挂在高空后的第二夜,夏揽月回了永恒星海域。
这次不是去推未来。
是去定一件事。
她没带太多人。
只让人把永恒星海高台最上那一圈旧星灯重新点亮,又把平日压在主印阁深处的那卷星纹薄册取了出来。册子不厚,封皮冷银,边角有很淡的磨痕,像早被人翻过很多次,却一直没真正落下去。
高台风大。
夜也冷。
她站在最前,袖口被吹得笔直,掌心那道永恒主印却稳得一点都没晃。
没有再推演。
也没再抬头看高空那道卷。
看够了。
再看,也只会看见结论。
而她今晚要定的,偏偏不是结论。
。。。。。。
秦枫到时,高台上已经有人。
顾若兰来得最早。
她站在左侧,白金常服外只披了一件薄氅,袖中帝命纹压得极稳。星海的风吹到她这里,居然也没把她那点冷静吹散。

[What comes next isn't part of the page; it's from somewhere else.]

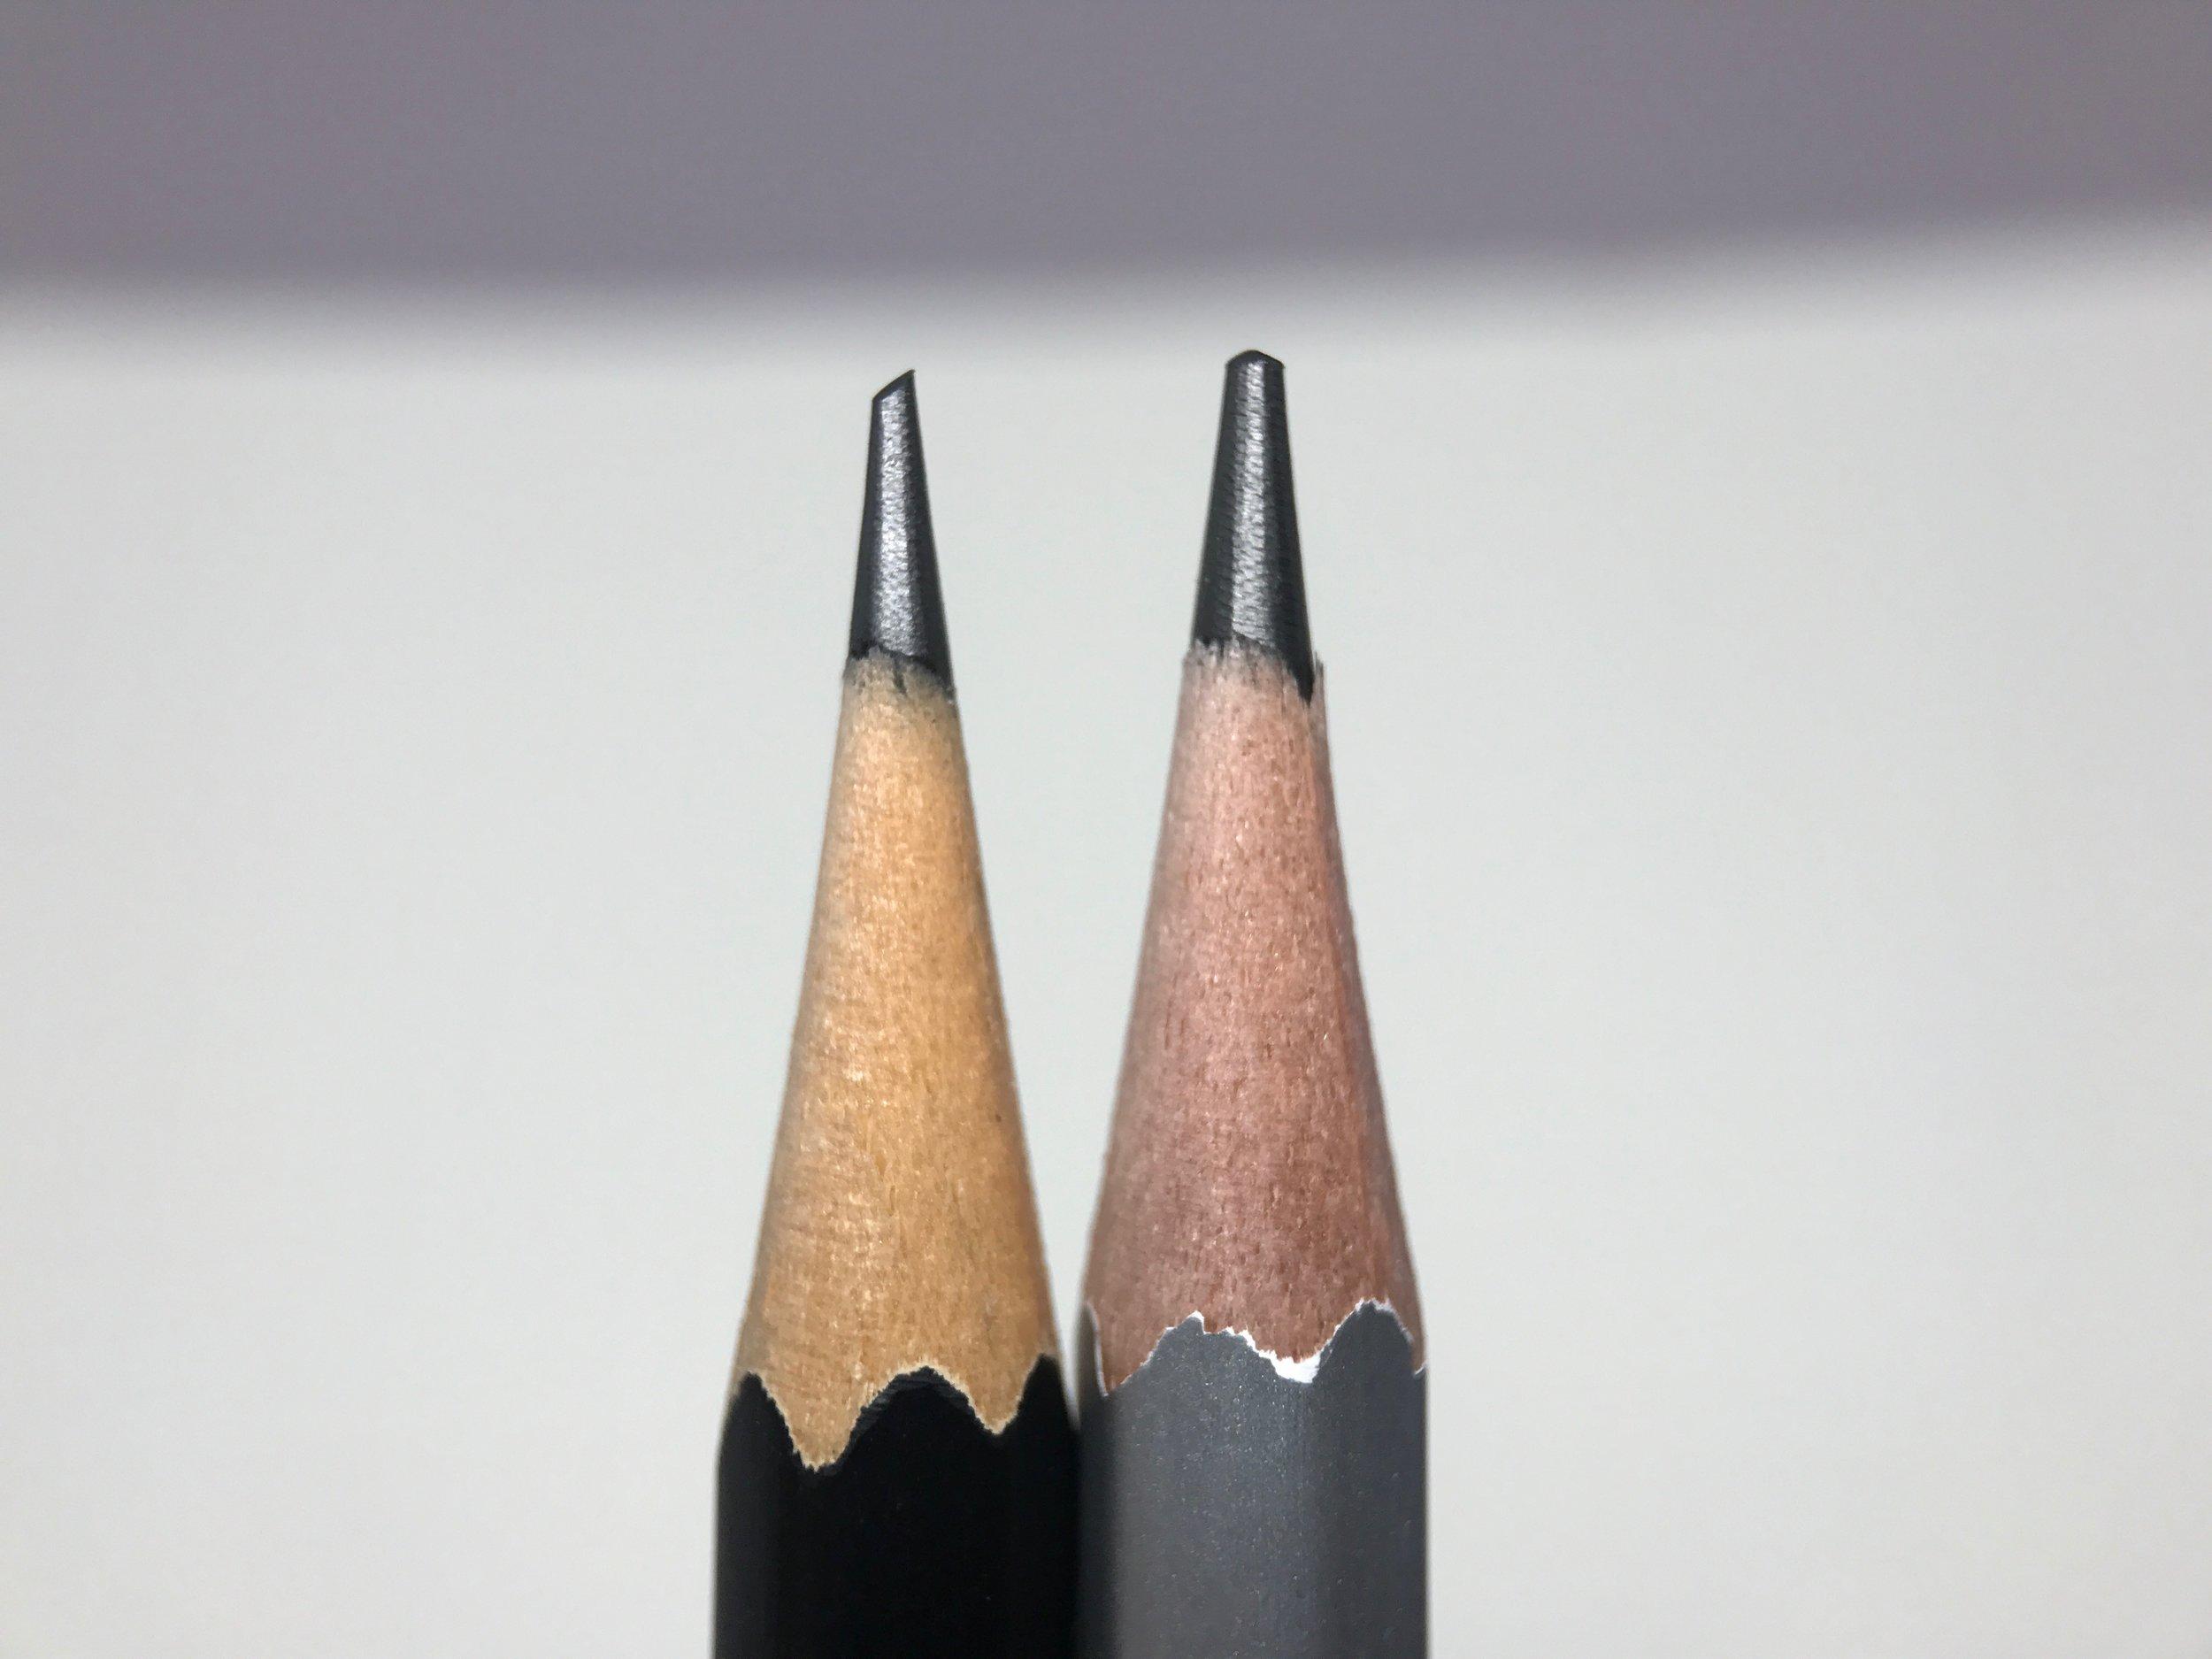 Stabilo-Exam-Grade-Pelikan-Exam-Standard-1.jpg
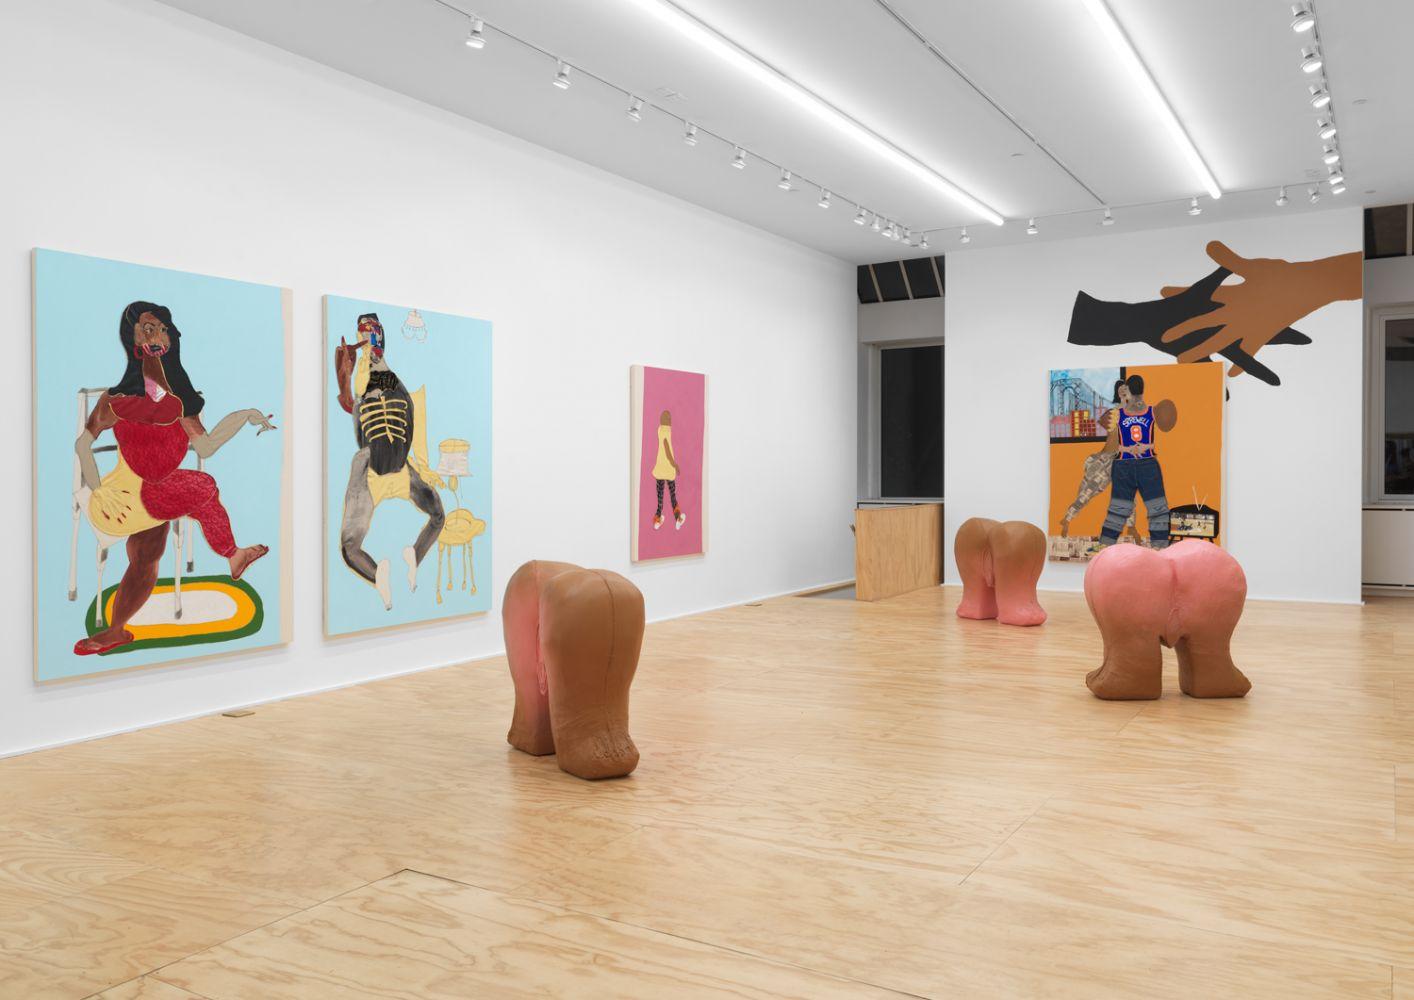 Exhibition View, Tschabalala Self, Cotton Mouth, Eva Presenhuber, New York, 2020 install 2

苏清璃在另一边,冰凰静灯收得很低,灯芯只照脚下那半圈星纹,不往上抢。江映月手里托着温魂灯,灯光不亮,却把高台边缘那些最细的暗纹照得清清楚楚。沈星落靠在更后一点的石柱边,手按刀柄,没说话,像只是来站一站。
可她能来,就已经够了。
秦枫脚下一顿。
先看夏揽月。
再看顾若兰她们。
然后才真正明白,这不是夏揽月一个人的决定。
是她要往前走。
而这些人,准备亲手送她往前走。
顾若兰先开口。
“来了。”
“嗯。”
秦枫应了一声。
苏清璃抬眸扫了他一眼。
“别站着。”
“今晚你才是最该往前那个人。”
这话很平。
也很准。
秦枫往前走了两步,站到高台正中。脚下星纹一触到他腕间那道还没完全褪净的永恒印痕,立刻轻轻亮了一圈。那一圈光不盛,却把整个高台今晚要做的事,照得很明白。
不是谈战局。
不是议兵线。
是落名。
夏揽月终于转过身,看向他。
她今晚没穿帝袍。
只一身冷银长衣,衣摆被风拂起来时,像把整片星海最静的那层光都收进了衣纹里。她脸上也没什么多余神色,眼底却比平日更深一点,像很多话都已经在里面站稳了。
“本帝今晚叫你来。”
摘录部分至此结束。